# What needs to be done:
Each record is to be repeated exactly as it stands below.

# Study material:
☆ ☆ ☆ ☆ ☆

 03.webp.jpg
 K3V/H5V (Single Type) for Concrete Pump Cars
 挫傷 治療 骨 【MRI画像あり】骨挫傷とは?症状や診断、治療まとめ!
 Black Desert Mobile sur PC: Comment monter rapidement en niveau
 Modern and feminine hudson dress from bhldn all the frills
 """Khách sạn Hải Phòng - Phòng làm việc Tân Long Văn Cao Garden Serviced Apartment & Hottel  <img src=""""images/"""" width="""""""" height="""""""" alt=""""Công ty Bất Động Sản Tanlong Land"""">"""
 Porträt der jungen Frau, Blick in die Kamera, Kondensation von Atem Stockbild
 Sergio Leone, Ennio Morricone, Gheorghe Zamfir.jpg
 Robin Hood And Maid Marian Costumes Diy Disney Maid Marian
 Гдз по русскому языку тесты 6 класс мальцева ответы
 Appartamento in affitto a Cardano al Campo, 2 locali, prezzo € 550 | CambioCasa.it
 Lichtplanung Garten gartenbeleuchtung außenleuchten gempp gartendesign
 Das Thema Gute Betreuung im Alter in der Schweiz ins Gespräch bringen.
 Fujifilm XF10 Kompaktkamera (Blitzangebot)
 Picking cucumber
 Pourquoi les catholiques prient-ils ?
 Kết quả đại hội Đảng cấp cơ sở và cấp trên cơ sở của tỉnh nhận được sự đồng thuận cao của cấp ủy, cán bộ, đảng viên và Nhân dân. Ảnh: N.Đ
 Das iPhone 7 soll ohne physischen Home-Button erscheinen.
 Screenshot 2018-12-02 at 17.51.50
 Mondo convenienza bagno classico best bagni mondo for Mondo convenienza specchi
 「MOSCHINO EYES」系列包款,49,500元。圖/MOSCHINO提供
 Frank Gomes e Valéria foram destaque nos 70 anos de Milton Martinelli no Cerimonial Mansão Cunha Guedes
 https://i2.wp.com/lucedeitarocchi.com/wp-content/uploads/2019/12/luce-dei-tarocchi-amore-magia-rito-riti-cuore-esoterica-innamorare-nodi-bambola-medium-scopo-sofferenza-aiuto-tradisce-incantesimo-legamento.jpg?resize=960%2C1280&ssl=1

☆ ☆ ☆ ☆ ☆

# Output for this exercise:
 03.webp.jpg
 K3V/H5V (Single Type) for Concrete Pump Cars
 挫傷 治療 骨 【MRI画像あり】骨挫傷とは?症状や診断、治療まとめ!
 Black Desert Mobile sur PC: Comment monter rapidement en niveau
 Modern and feminine hudson dress from bhldn all the frills
 """Khách sạn Hải Phòng - Phòng làm việc Tân Long Văn Cao Garden Serviced Apartment & Hottel  <img src=""""images/"""" width="""""""" height="""""""" alt=""""Công ty Bất Động Sản Tanlong Land"""">"""
 Porträt der jungen Frau, Blick in die Kamera, Kondensation von Atem Stockbild
 Sergio Leone, Ennio Morricone, Gheorghe Zamfir.jpg
 Robin Hood And Maid Marian Costumes Diy Disney Maid Marian
 Гдз по русскому языку тесты 6 класс мальцева ответы
 Appartamento in affitto a Cardano al Campo, 2 locali, prezzo € 550 | CambioCasa.it
 Lichtplanung Garten gartenbeleuchtung außenleuchten gempp gartendesign
 Das Thema Gute Betreuung im Alter in der Schweiz ins Gespräch bringen.
 Fujifilm XF10 Kompaktkamera (Blitzangebot)
 Picking cucumber
 Pourquoi les catholiques prient-ils ?
 Kết quả đại hội Đảng cấp cơ sở và cấp trên cơ sở của tỉnh nhận được sự đồng thuận cao của cấp ủy, cán bộ, đảng viên và Nhân dân. Ảnh: N.Đ
 Das iPhone 7 soll ohne physischen Home-Button erscheinen.
 Screenshot 2018-12-02 at 17.51.50
 Mondo convenienza bagno classico best bagni mondo for Mondo convenienza specchi
 「MOSCHINO EYES」系列包款,49,500元。圖/MOSCHINO提供
 Frank Gomes e Valéria foram destaque nos 70 anos de Milton Martinelli no Cerimonial Mansão Cunha Guedes
 https://i2.wp.com/lucedeitarocchi.com/wp-content/uploads/2019/12/luce-dei-tarocchi-amore-magia-rito-riti-cuore-esoterica-innamorare-nodi-bambola-medium-scopo-sofferenza-aiuto-tradisce-incantesimo-legamento.jpg?resize=960%2C1280&ssl=1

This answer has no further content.